Like Father……Like Daughter!

6 Mar
Showing off his new car to his parents outside the house in Ritchie!

Showing off his new car to his parents outside the house in Ritchie!

“Like Father…..Like Daughter”……. I had never realized how true this saying was until I caught myself telling a friend about “my cave” in the basement of my house. We have had a very long winter which began in late October and is still ongoing. The message on my phone says something about “not being available as I have gone into my cave until spring”. Well it isn’t really a cave, it is the cellar in my house. It has a cement floor and walls and you can barely stand up without banging your noggan on the floor beams, but it does have a furnace and is very warm and cozy in the winter. I  have spent considerable time down there the past few months. I have all my Genealogy Research Material, books, maps, stacks of notes  and binders spread out over many surfaces. I never have to put anything away. No one else except the cat ventures down there.  I  take my laptop down with me and turn on the TV for additional stimulation. I can lose myself for hours doing my research.

The connection with my dad goes way back. On those long winter nights, after he got home from work, he would go down to the cellar to listen to his ham radio and police scanner. I would go down to play with my toys and listen in to his conversations. My friends would also come over and we would play 78’s on an old RCA Record Player. Great entertainment in the 50’s and 60’s before all the other types of entertainment developed. I remember being excited when the mailman would bring cards confirming a contact he had made. His call letters were VE6 IR and he too would send these card to those he had connected with on his ham radio.

I often think how little I knew of my Dad. I was 33 years old when he died and to that point I guess I wasn’t all that interested in him as a person. He was just My Dad!

Tertius Bernard and his Dad, the Claybrooke Village Blacksmith (1906)

Tertius Bernard and his Dad, the Claybrooke Village Blacksmith (1906)

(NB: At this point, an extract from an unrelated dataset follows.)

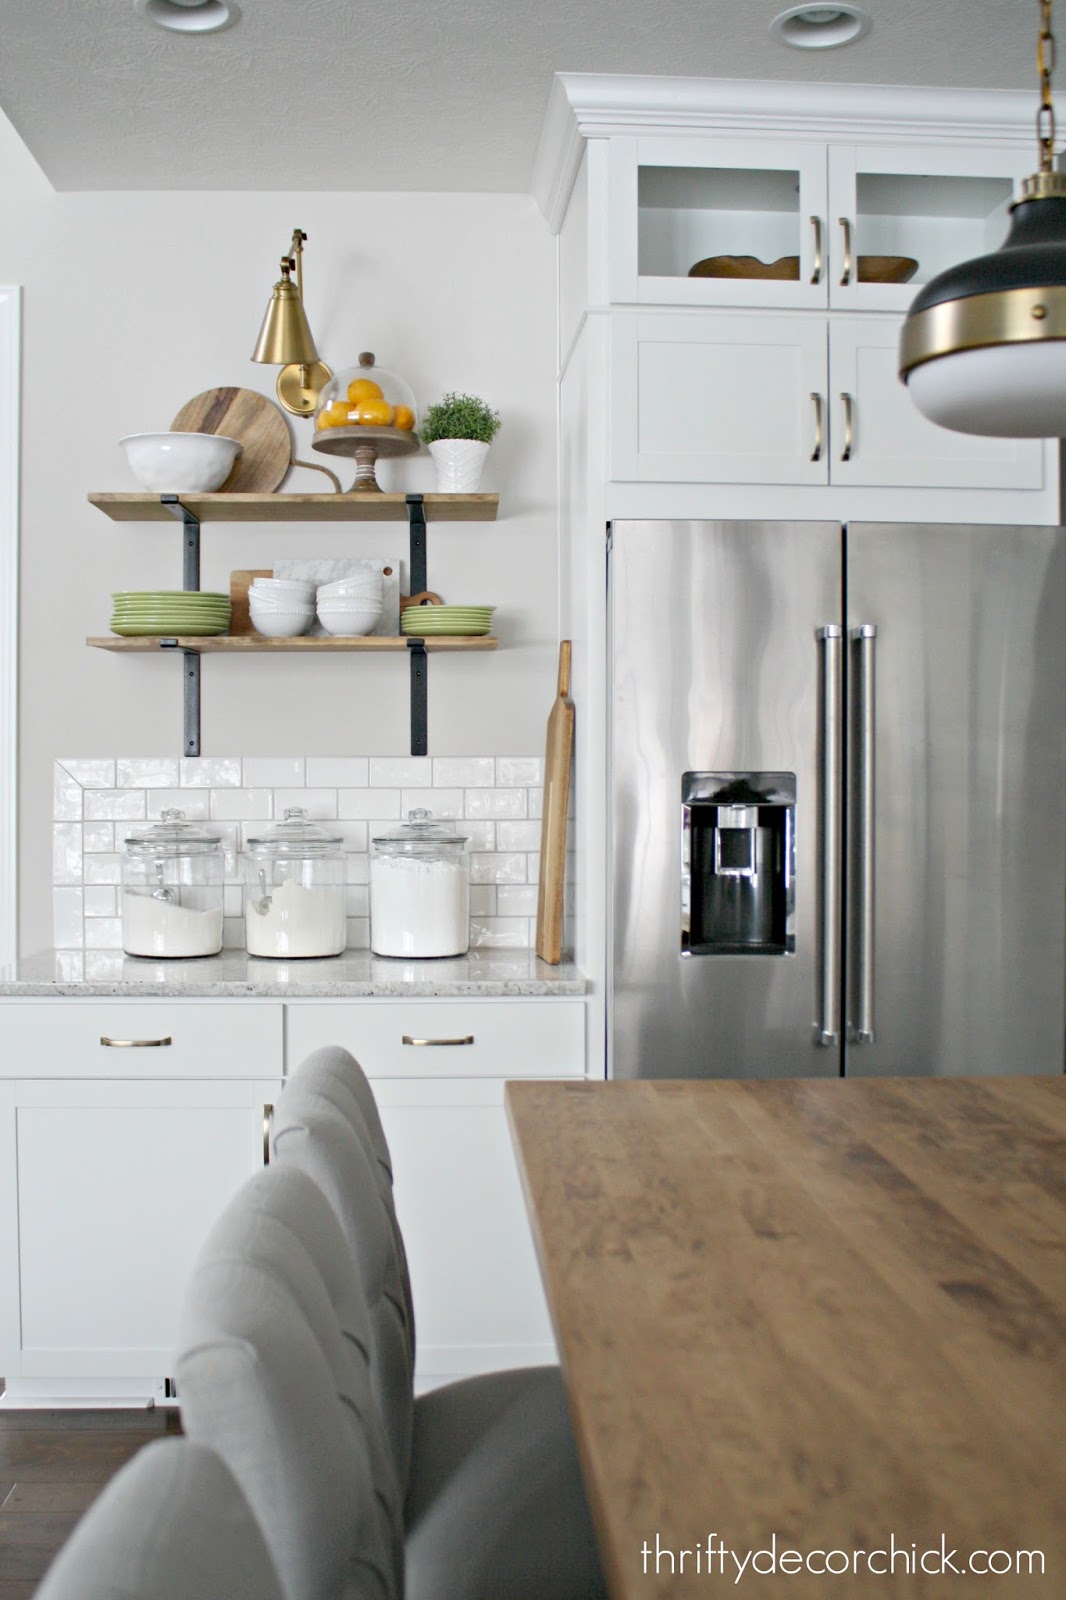 Hanging Shelves In The Kitchen From Thrifty Decor Chick

He was born in 1904 in Claybrooke Magna, a small village in the midlands of England just outside the city of Leicester. This city has made headlines in the past few months due to the discovery of the bones of Richard III under a car park in the city centre. On the site once stood the Grey Friars Priory. Something like this would really have raised his interest. I watched a CBC documentary last evening titled “The King in the CarPark” which told the story of finding the skeleton and thought, if he were alive, he too would have been watching. I do know that my Dad loved to read and learn new things. He loved doing math problems just for the sheer enjoyment of solving them. He tutored many of my friends for their Grade 12 Departmental Exams. I would often go with him to the Library to get books for myself. When I had read all the books in the Children’s’ Library,  I would use his card to get books in the Adult Library. In those days, I think you had to be 12 to borrow books from there, but you could use an adult’s card if you had their permission.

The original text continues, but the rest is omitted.